Animals, Housing, and Experimental Design

A total of 84 piglets weaned at 17 ± 1 d were obtained from the Glenlea swine research farm of the University of Manitoba and assigned to treatments in a randomized complete block design. Pigs were weighed and assigned to outcome groups on the basis of BW and sex, and randomly allocated to 4 treatments, consisting of 3 pigs per pen, and 7 replicates. Each pen had a plastic-covered expanded metal floor, a stainless-steel feeder, and a low-pressure nipple drinker. Pigs had unlimited access to feed and water throughout the 3-wk study. Body weight and feed disappearance were monitored weekly, and the results were used to calculate ADG, ADFI, and G:F. Room temperature was maintained at 29 ± 1°C throughout the study.

Experimental Diets

Diets included 1) a positive control containing an antibiotic (Aureo SP250, Alpharma Inc., Fort Lee, NJ; PC); 2) a negative control containing no RPS or antibiotics (NC); 3) negative control + 7% RPS (7% RPS); and 4) a negative control + 14% RPS (14% RPS). All diets contained 10% pea protein isolate (PPI), which was included as a nutritional stress treatment to induce diarrhea (Owusu-Asiedu et al., 2003a,b). Experimental diets were based on corn, wheat, and soybean meal and formulated to meet NRC (1998) nutrient requirements for piglets weighing 7 to 12 kg (Table 1). Diets were mixed 1 wk before the start of the experiment using the same batch of ingredients. Diets were provided ad libitum in a mash form. The severity of diarrhea was measured using a fecal consistency (FC) scoring system (Marquardt et al., 1999). Fecal consistency scoring (0, normal; 1, soft feces; 2, mild diarrhea; 3, severe diarrhea) was performed in a blinded fashion by 2 individuals trained to differentiate among feces type. The presence of blood in feces was checked daily.

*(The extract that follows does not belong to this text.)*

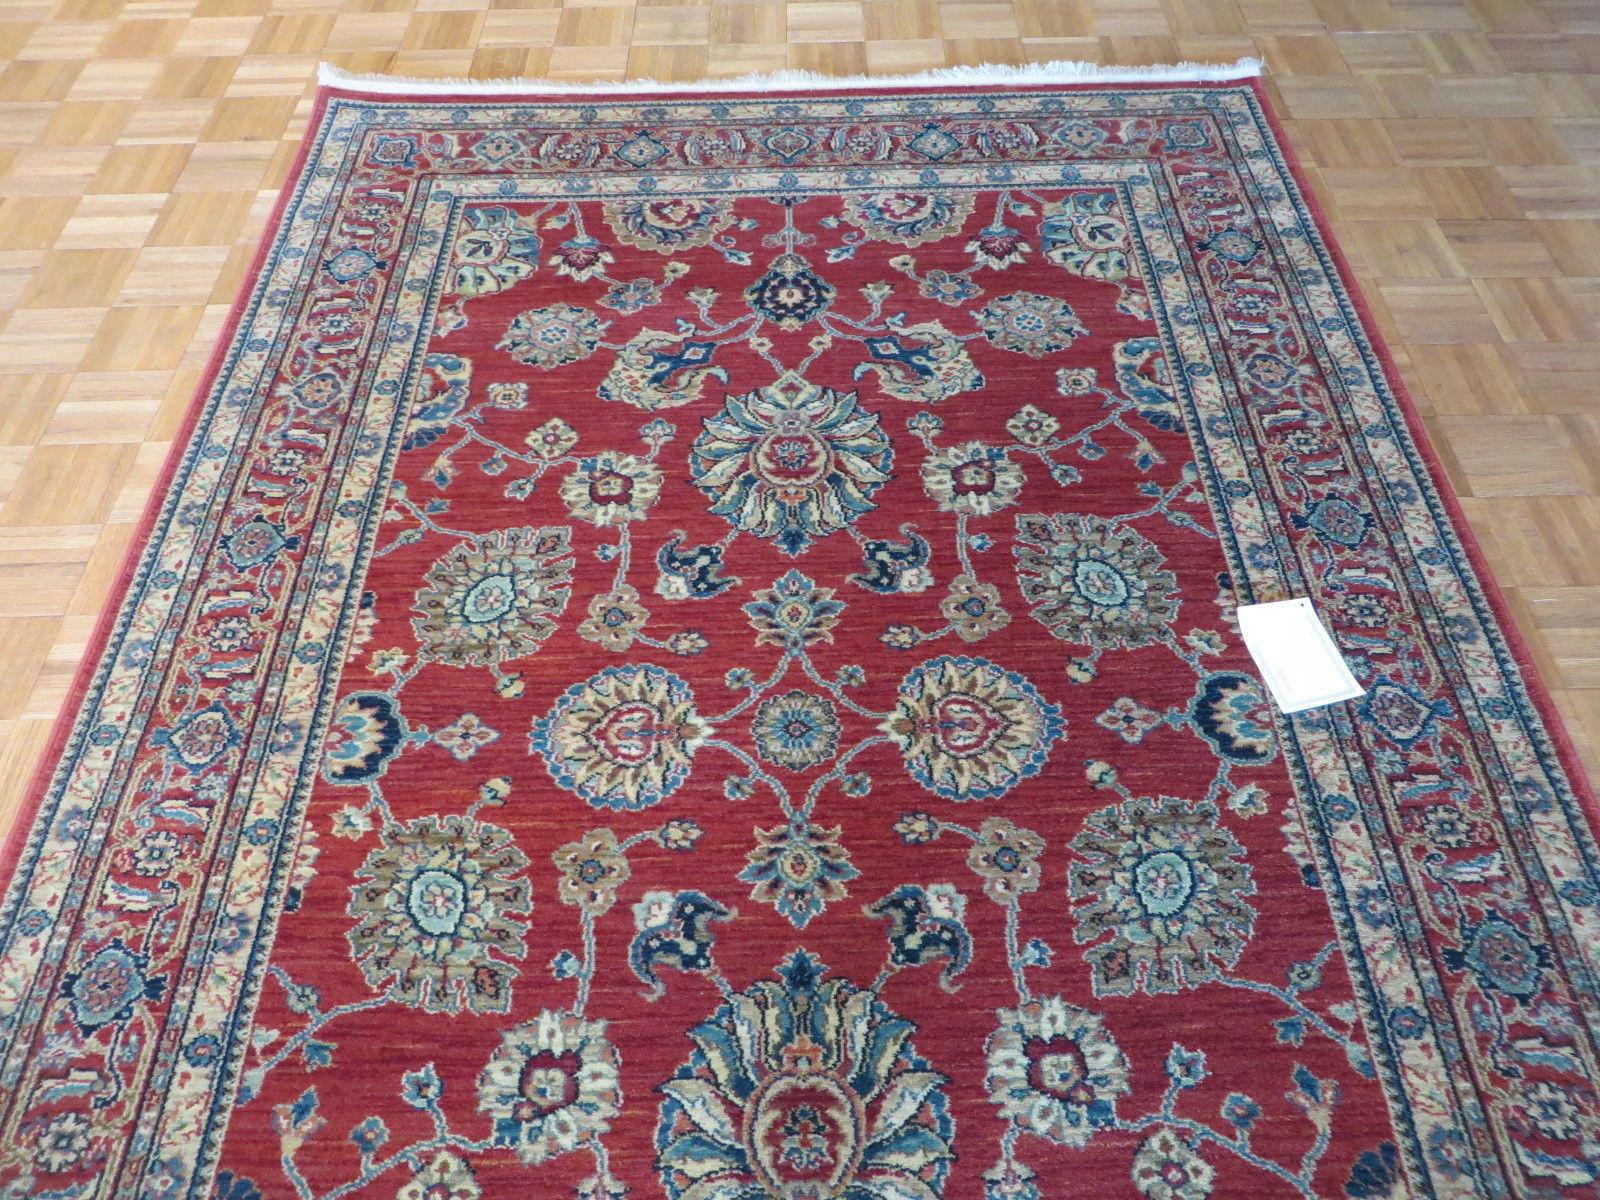 10 X 14 Brand New Karastan Rug Sovereign Sultana Red 14606

At the end of the study, the pig with a BW closest to the mean pen BW was held under general anesthesia and killed by an intracardiac injection of sodium pentobarbital (50 mg/kg BW). Following euthanasia the abdominal cavity was opened from sternum to pubis to expose the gastrointestinal tract without damaging the wall of the digestive tract. The stomach, small intestine, and large intestine were weighed with and without digesta to determine digesta and empty weights, respectively. The liver was also weighed. The small intestine was stripped free of its mesentery and further divided into 3 sections: 1) the ileum from the ileal-cecal junction to 80-cm anterior to this junction; 2) the duodenum, 80 cm posterior to the gastro-duodenal sphincter; and 3) the jejunum constituted the regions between the ileum and duodenum (Adeola and King, 2006).

Digesta samples were taken from the ileum and colon (proximal) for measurement of pH, VFA, and ammonia N concentrations. The pH was determined immediately using a pH meter (AB 15, Fisher Scientific, Pittsburgh, PA), and subsamples (approximately 5 g) from each gut segment were mixed with 5 mL of 0.1 M HCl to stop microbial activity and stored at –25°C until analyzed for VFA and lactic acid, using gas chromatography as described by Erwin et al. (1961). Ammonia N concentration was measured using the indole phenol-blue method (Novozamsky et al., 1974). Starch concentration in the ileum and colon were measured and expressed as % DM (AOAC, 2005).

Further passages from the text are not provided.